Recorded data below:

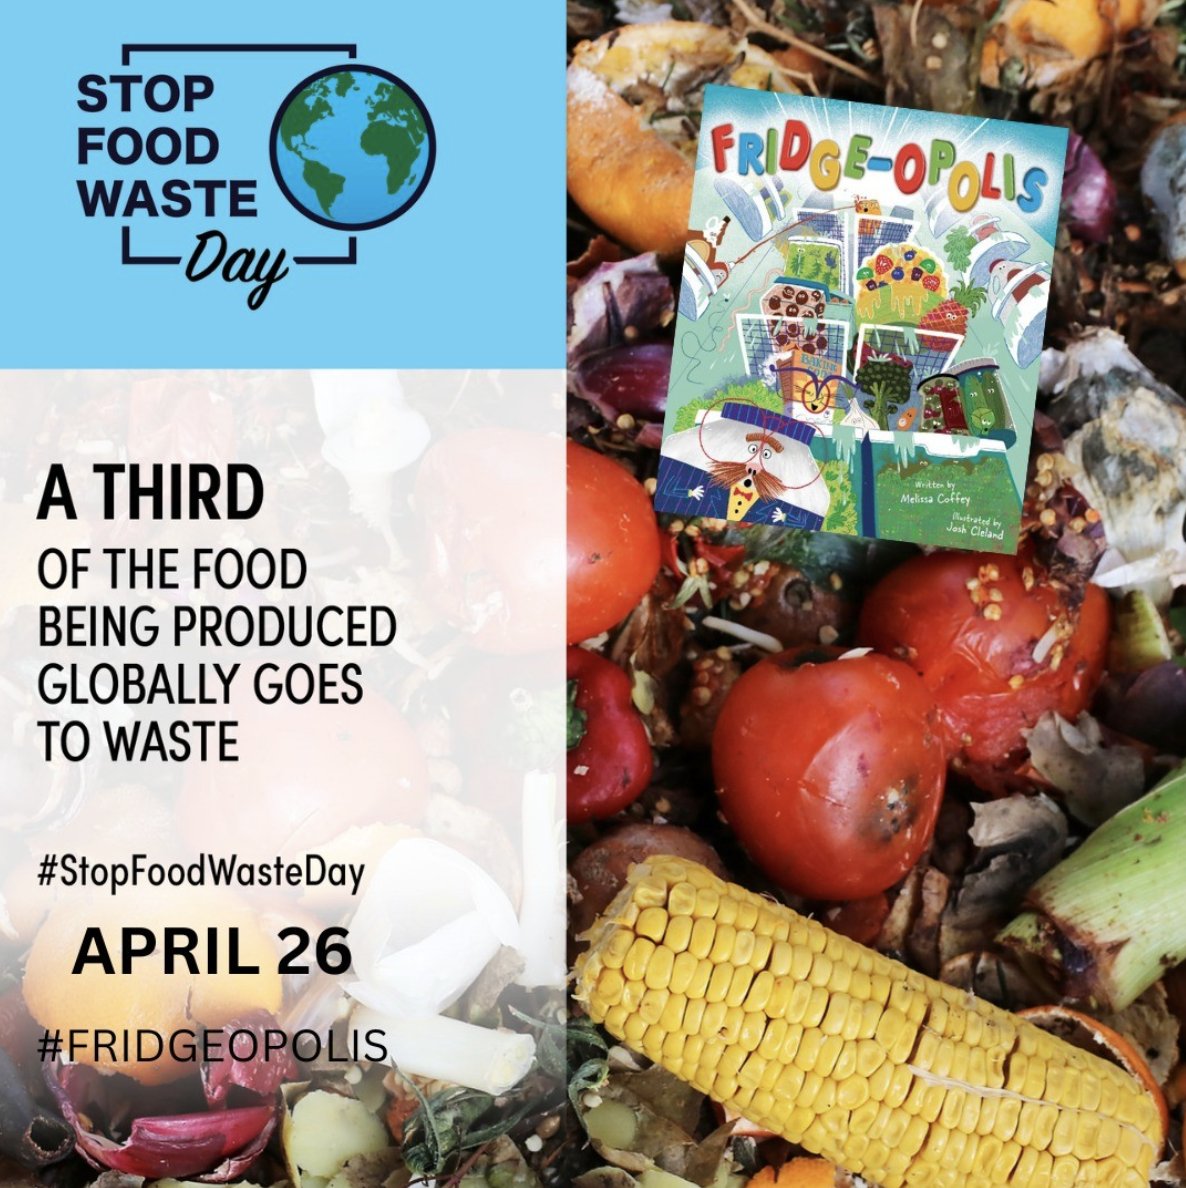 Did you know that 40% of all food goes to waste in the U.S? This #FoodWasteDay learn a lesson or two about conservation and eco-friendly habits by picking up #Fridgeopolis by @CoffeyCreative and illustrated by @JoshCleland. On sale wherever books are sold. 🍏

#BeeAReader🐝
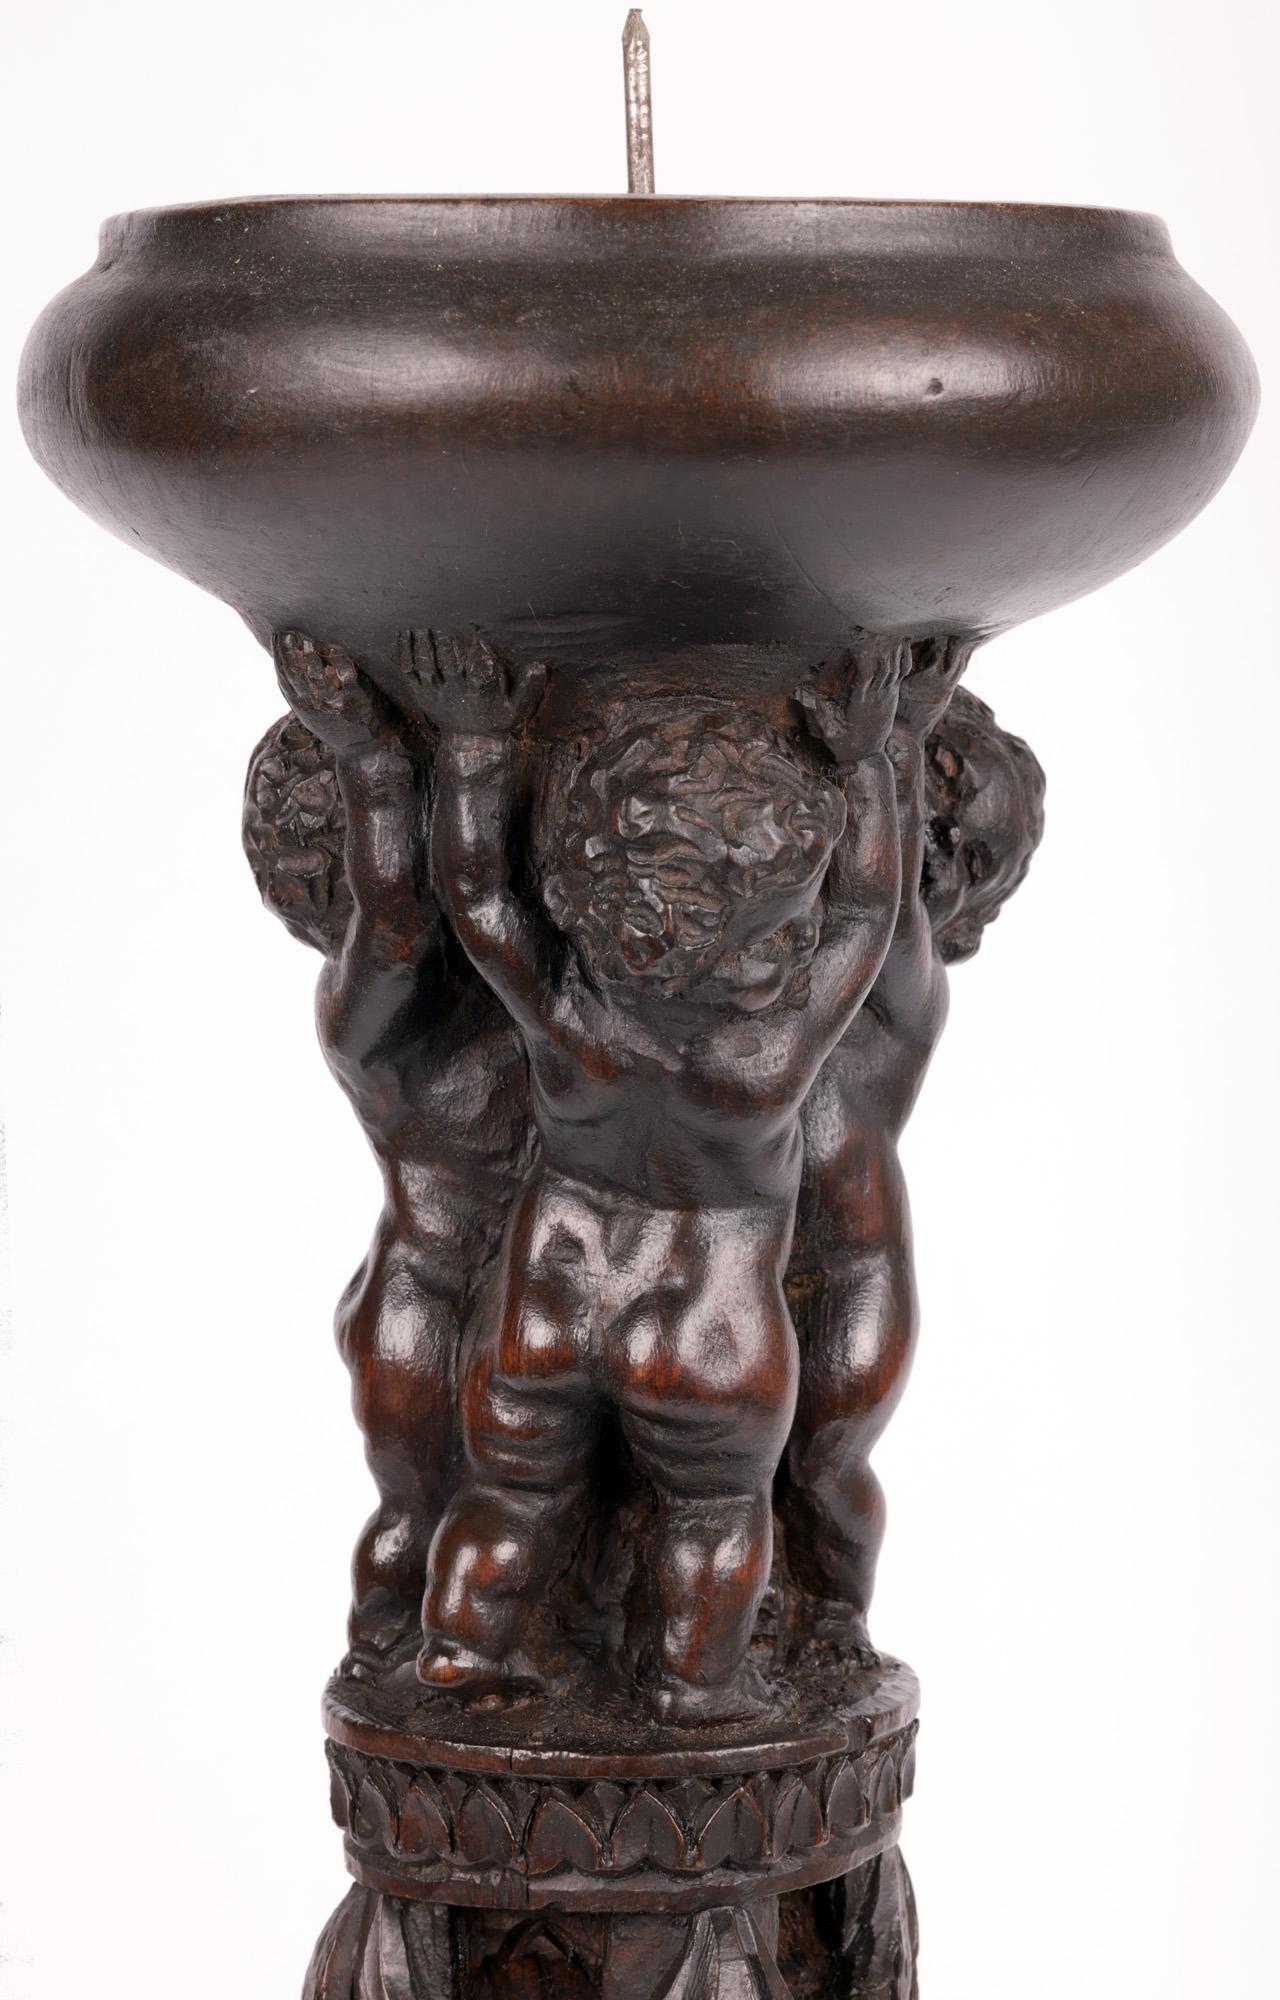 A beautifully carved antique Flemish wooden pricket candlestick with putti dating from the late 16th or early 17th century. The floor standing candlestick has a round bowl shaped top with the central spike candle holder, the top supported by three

End of Recorded data.

▸ Brief
Once the line containing "#BeeAReader🐝" has been copied, stop; everything from the first line of the data up to it must be copied exactly, without pictures.

▸ Final answer
 Did you know that 40% of all food goes to waste in the U.S? This #FoodWasteDay learn a lesson or two about conservation and eco-friendly habits by picking up #Fridgeopolis by @CoffeyCreative and illustrated by @JoshCleland. On sale wherever books are sold. 🍏

#BeeAReader🐝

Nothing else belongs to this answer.